**Exercise**
Keep every word of the listing and reproduce it exactly, but set aside any image found there.

**Data provided**
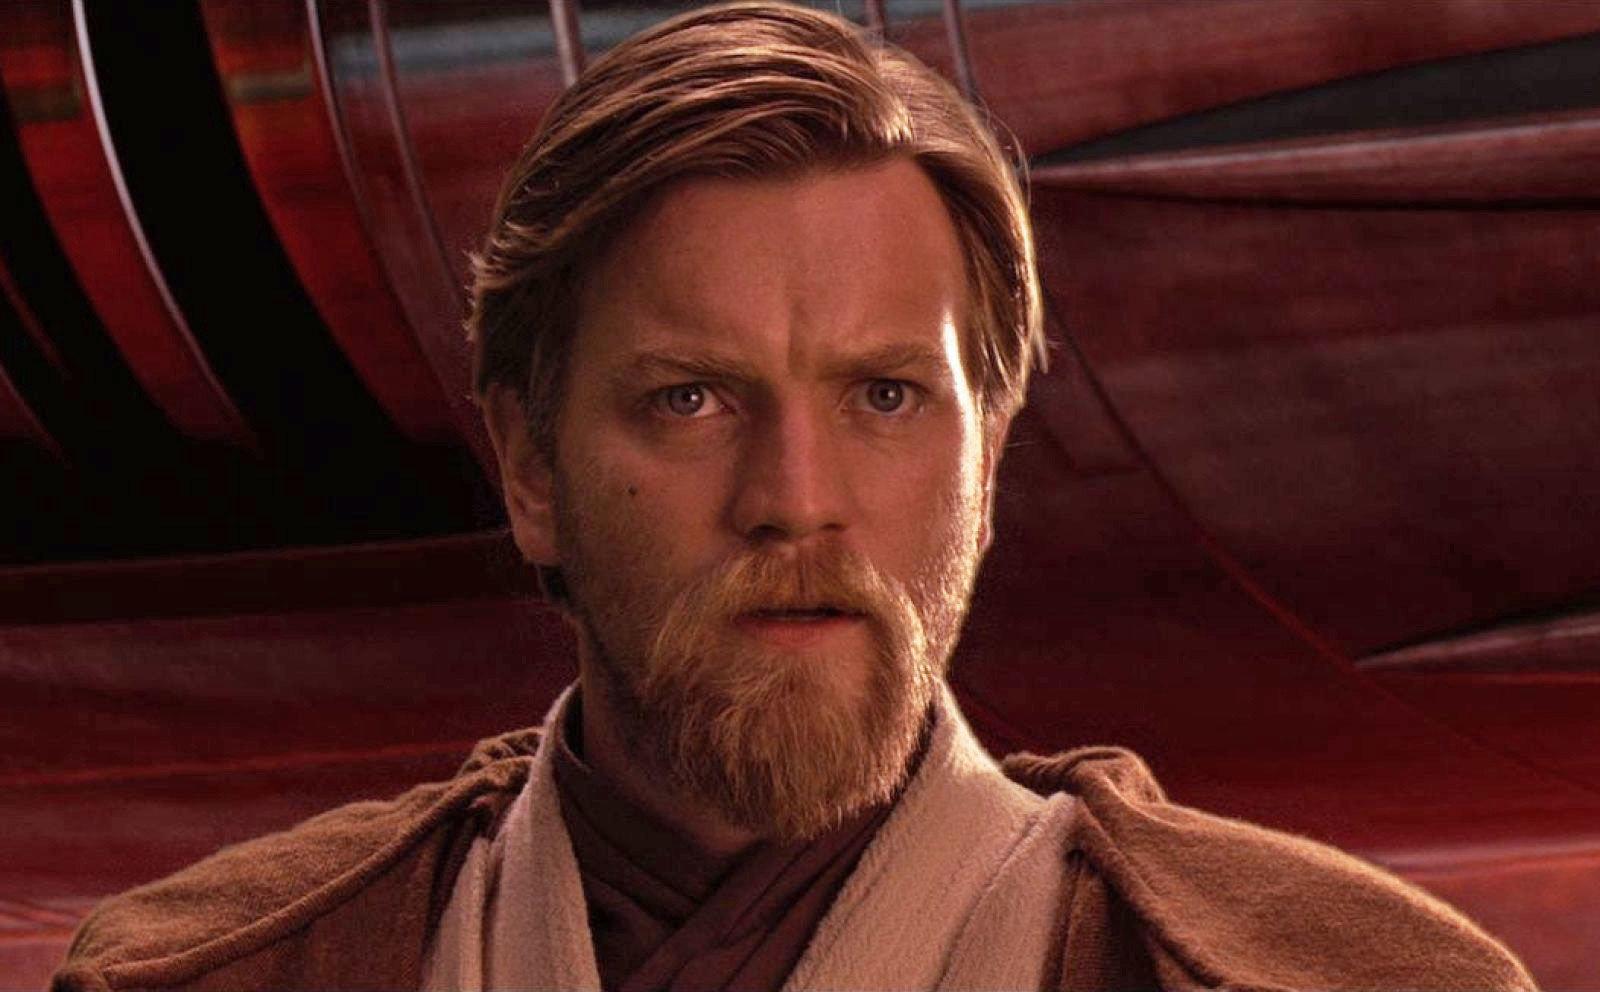 Obi Wan Ewan Mcgregor Disney Series Shooting Next Year All Scripts Ready D23 Deadline
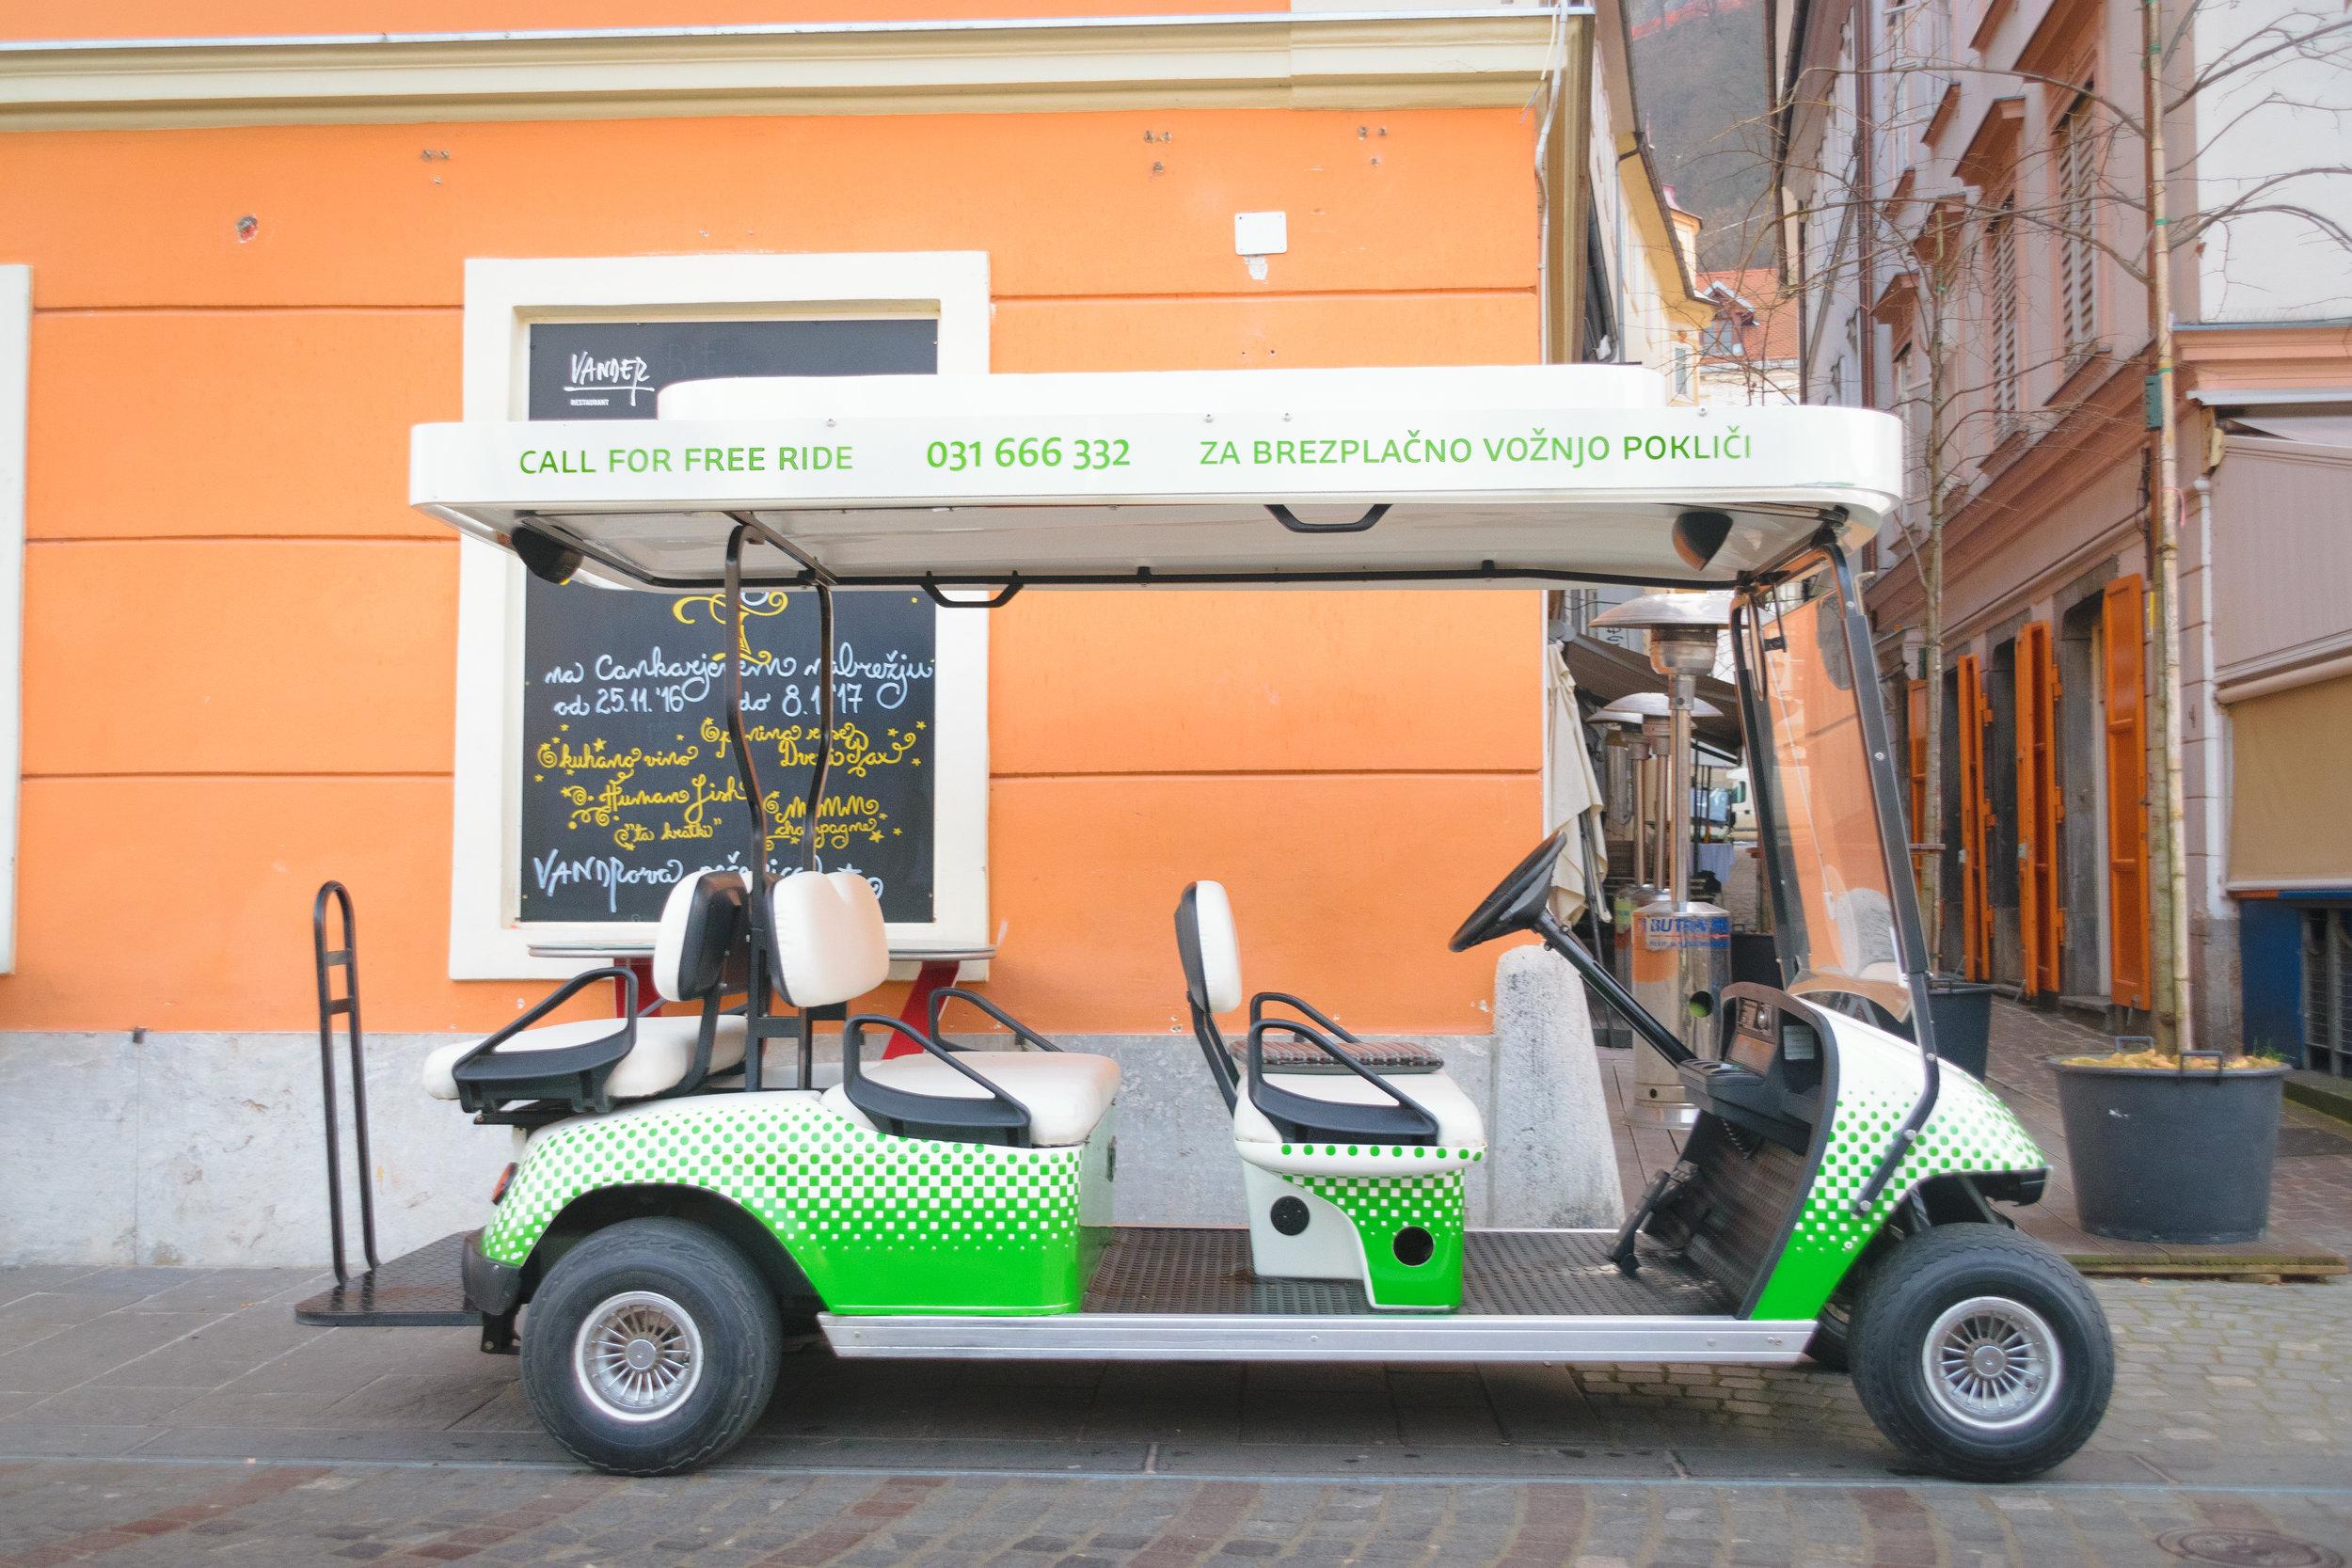 free, electric Kavalir taxi service
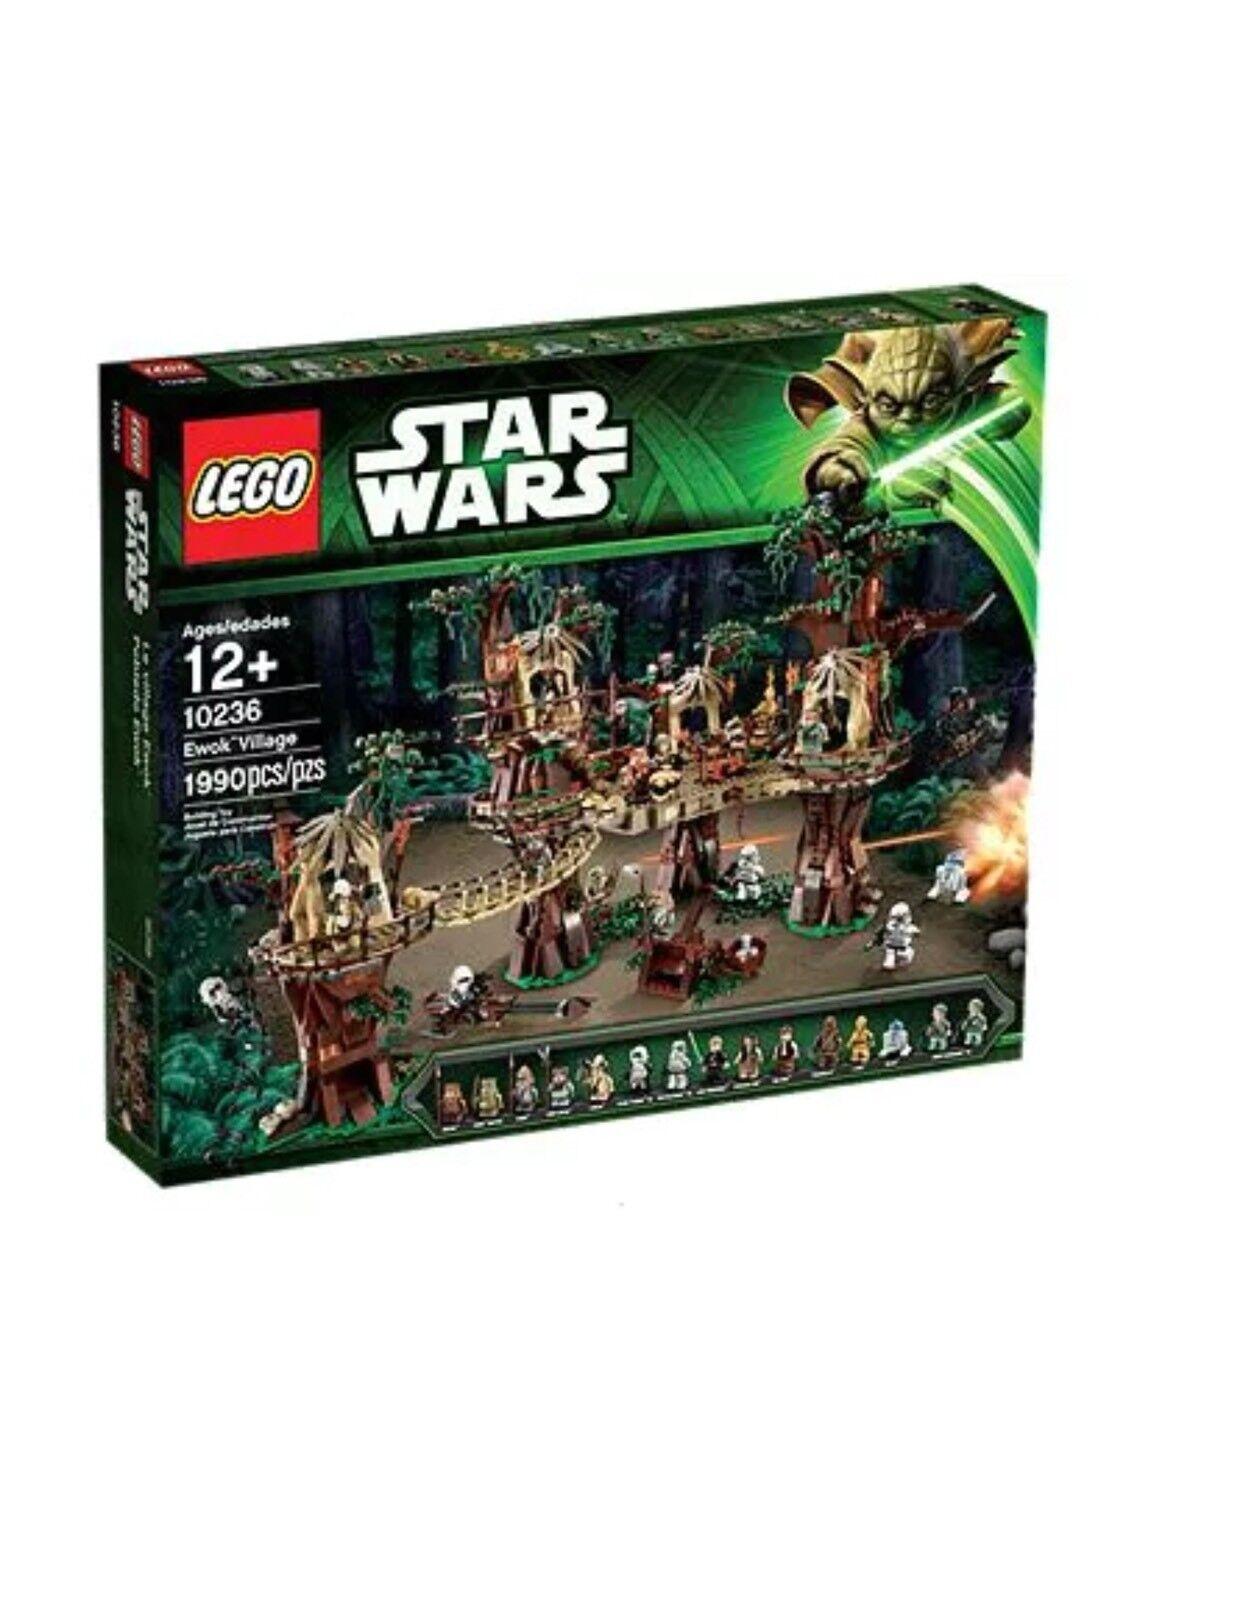 LEGO Star Wars 10236 Ewok Village New Sealed Retirot

**Expected answer**
 Obi Wan Ewan Mcgregor Disney Series Shooting Next Year All Scripts Ready D23 Deadline
 free, electric Kavalir taxi service
 LEGO Star Wars 10236 Ewok Village New Sealed Retirot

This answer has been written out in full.